The Radeon RX 5600 XT's wider memory bus and increased memory bandwidth give it a slight edge over the Radeon RX 6600 in the Fire Strike Ultra benchmark. The newest mainstream Radeon has enough oomph to dispatch the GeForce RTX 2060 Super and RTX 3060 here, however.

UL 3DMark Port Royal Ray Tracing Benchmarks

Port Royal was released earlier this year as an update to UL’s popular 3DMark suite. It is designed to test real-time ray tracing performance of graphics cards that support Microsoft DirectX Raytracing, or DXR. Although DXR is technically compatible with all DX12-class GPUs, the graphics card must have drivers that enable DXR.

3mark port royal dxr
3DMark Port Royal

radeon rx 6600 port royal details
Port Royal Radeon RX 6600 Details

port royal 1 radeon rx 6600 performance


port royal 2 radeon rx 6600 performance

The previous-gen GPUs which lack DXR support drop out of the charts here. 3DMark's Port Royal benchmark, which mixes DXR Ray Tracing effects with traditional rasterization, puts the Radeon RX 6600 at the bottom of the heap, about 17% behind the Radeon RX 6600 XT.

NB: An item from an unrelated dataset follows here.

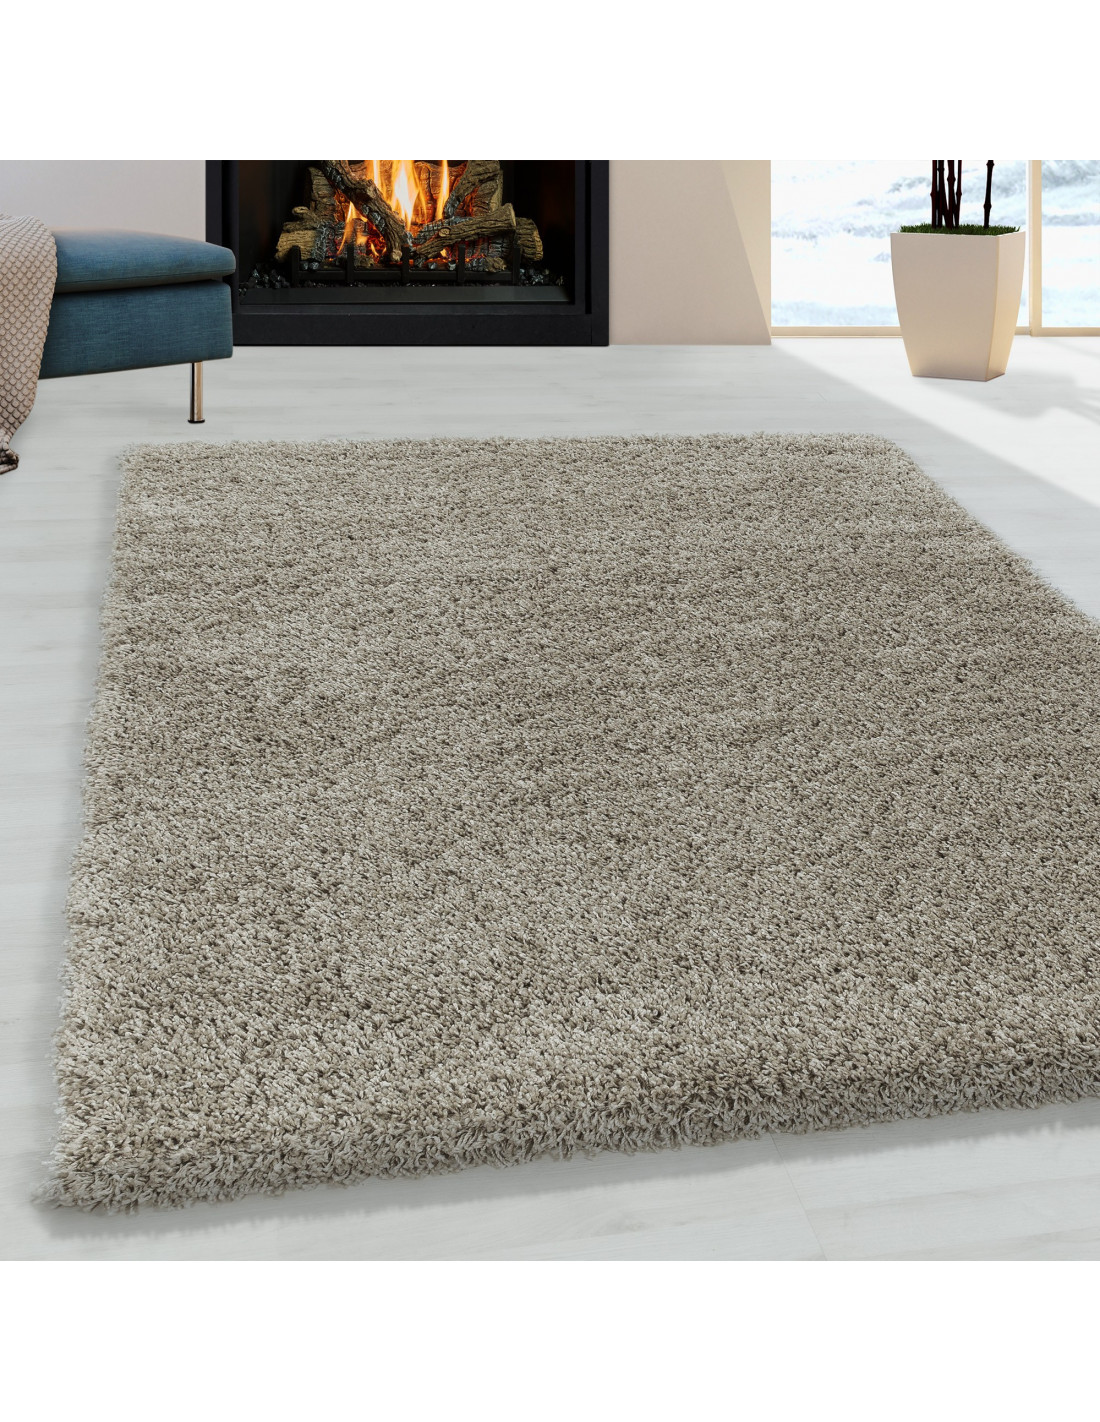  Alfombra de pelo largo suave y cálida, alfombra grande para  sala de estar, fácil de cuidar, alfombra de teñido anudado-C_120 x 200,  suave, no se desprende, gruesa, fácil de limpiar, alfombras
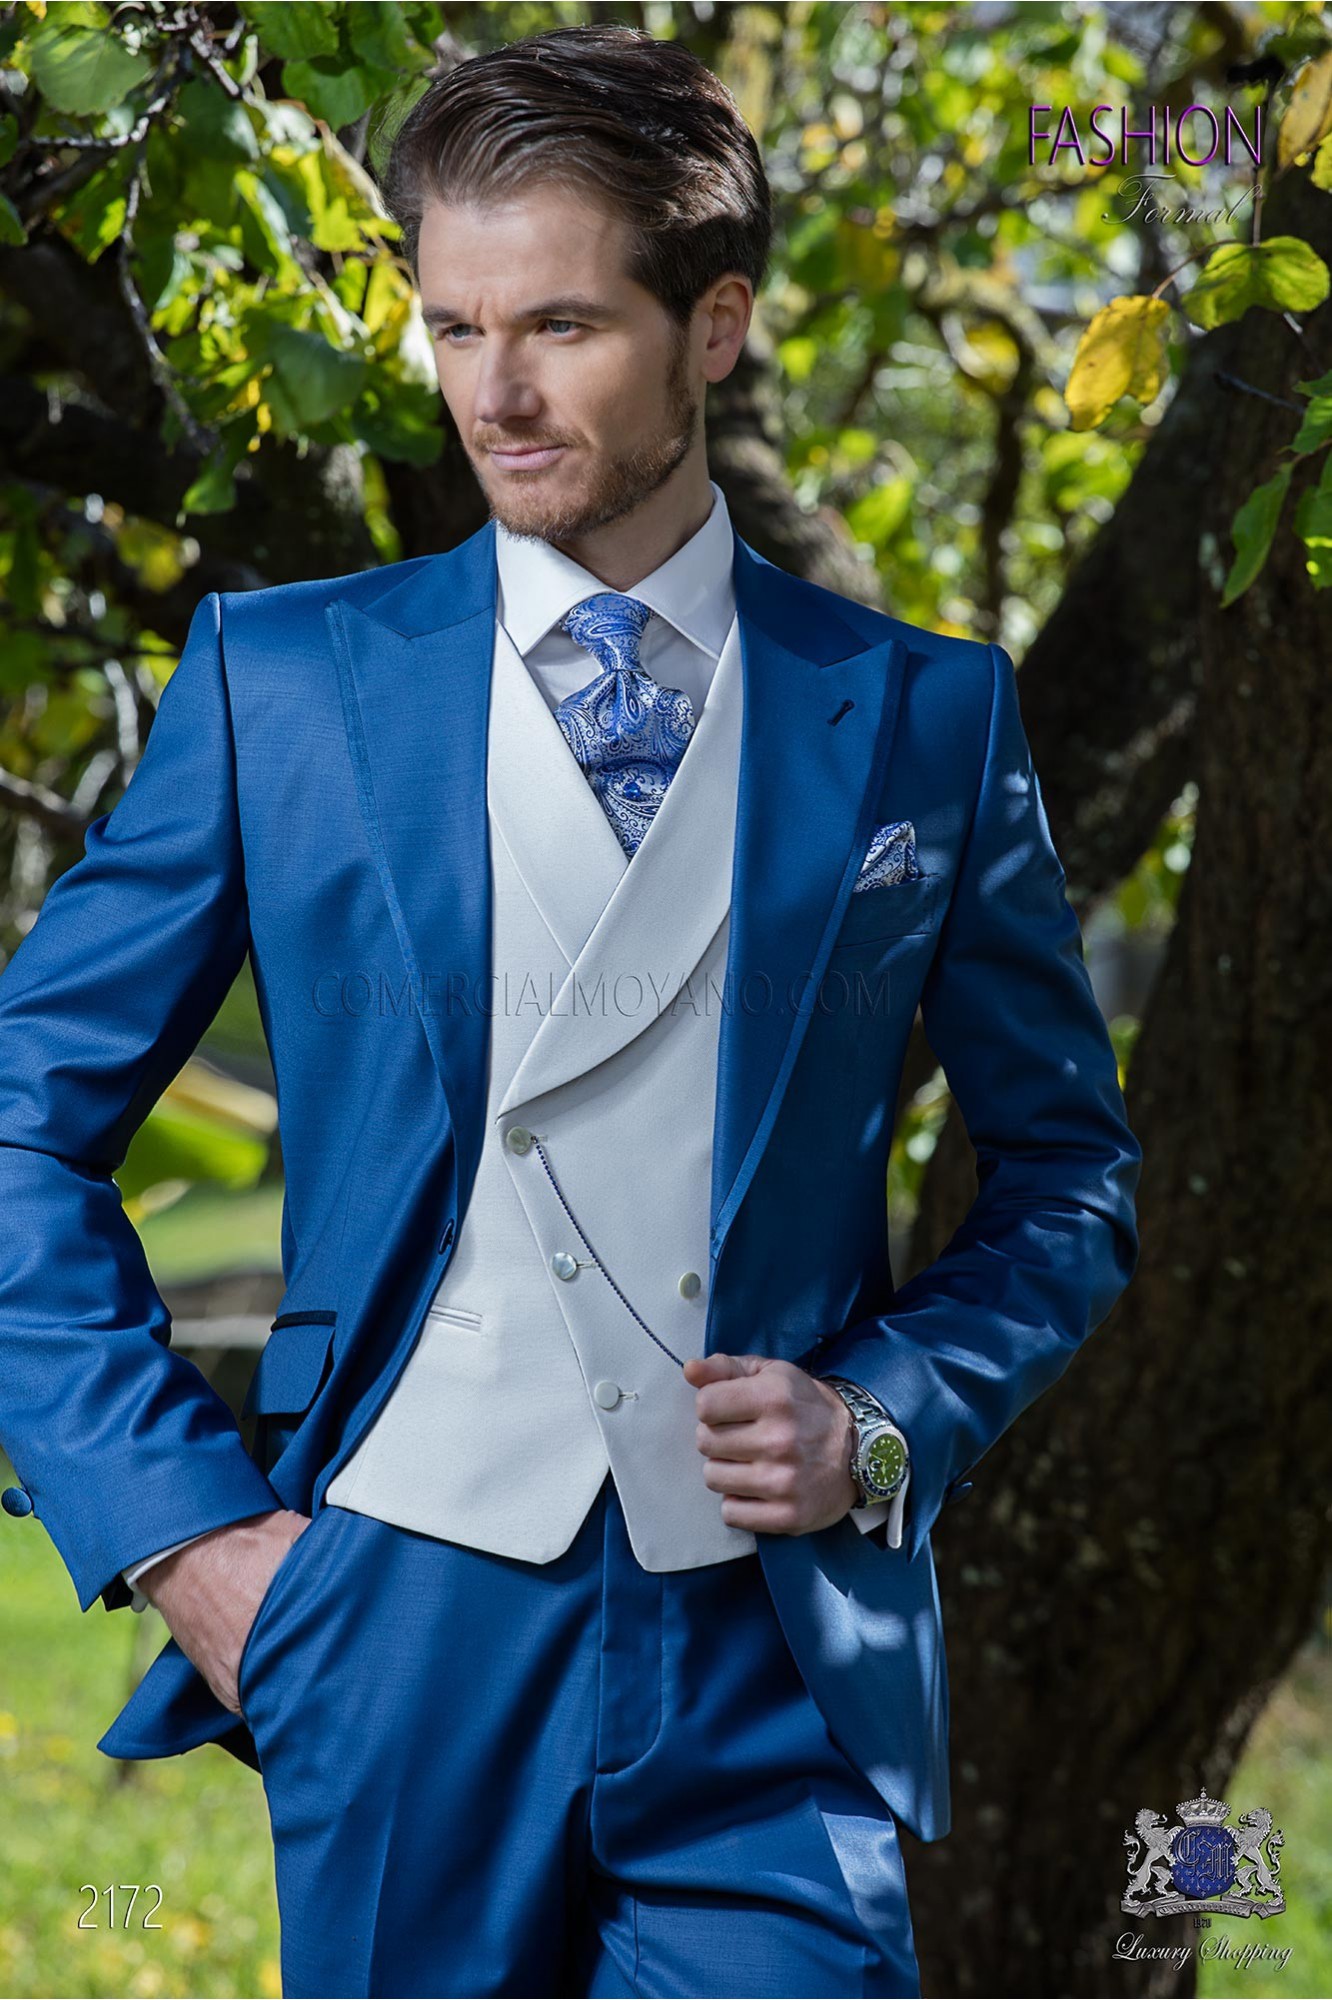 Traje de novio azul royal tejido fresco lana modelo: 2172 Mario Moyano colección Fashion

We also experimented with the DirectX Ray Tracing Feature test, which was recently released as an update to 3DMark...

radeon rx 6600 dxr details
DXR Feature Test Radeon RX 6600 Details

dxr 1 radeon rx 6600 performance

This more specialized benchmark, which focuses solely on DXR Ray Tracing effects, also has the Radeon RX 6600 trailing the rest of the pack. Here, the Radeon RX 6600 finishes about 16% behind the higher-end Radeon RX 6600 XT, but well behind the GeForces.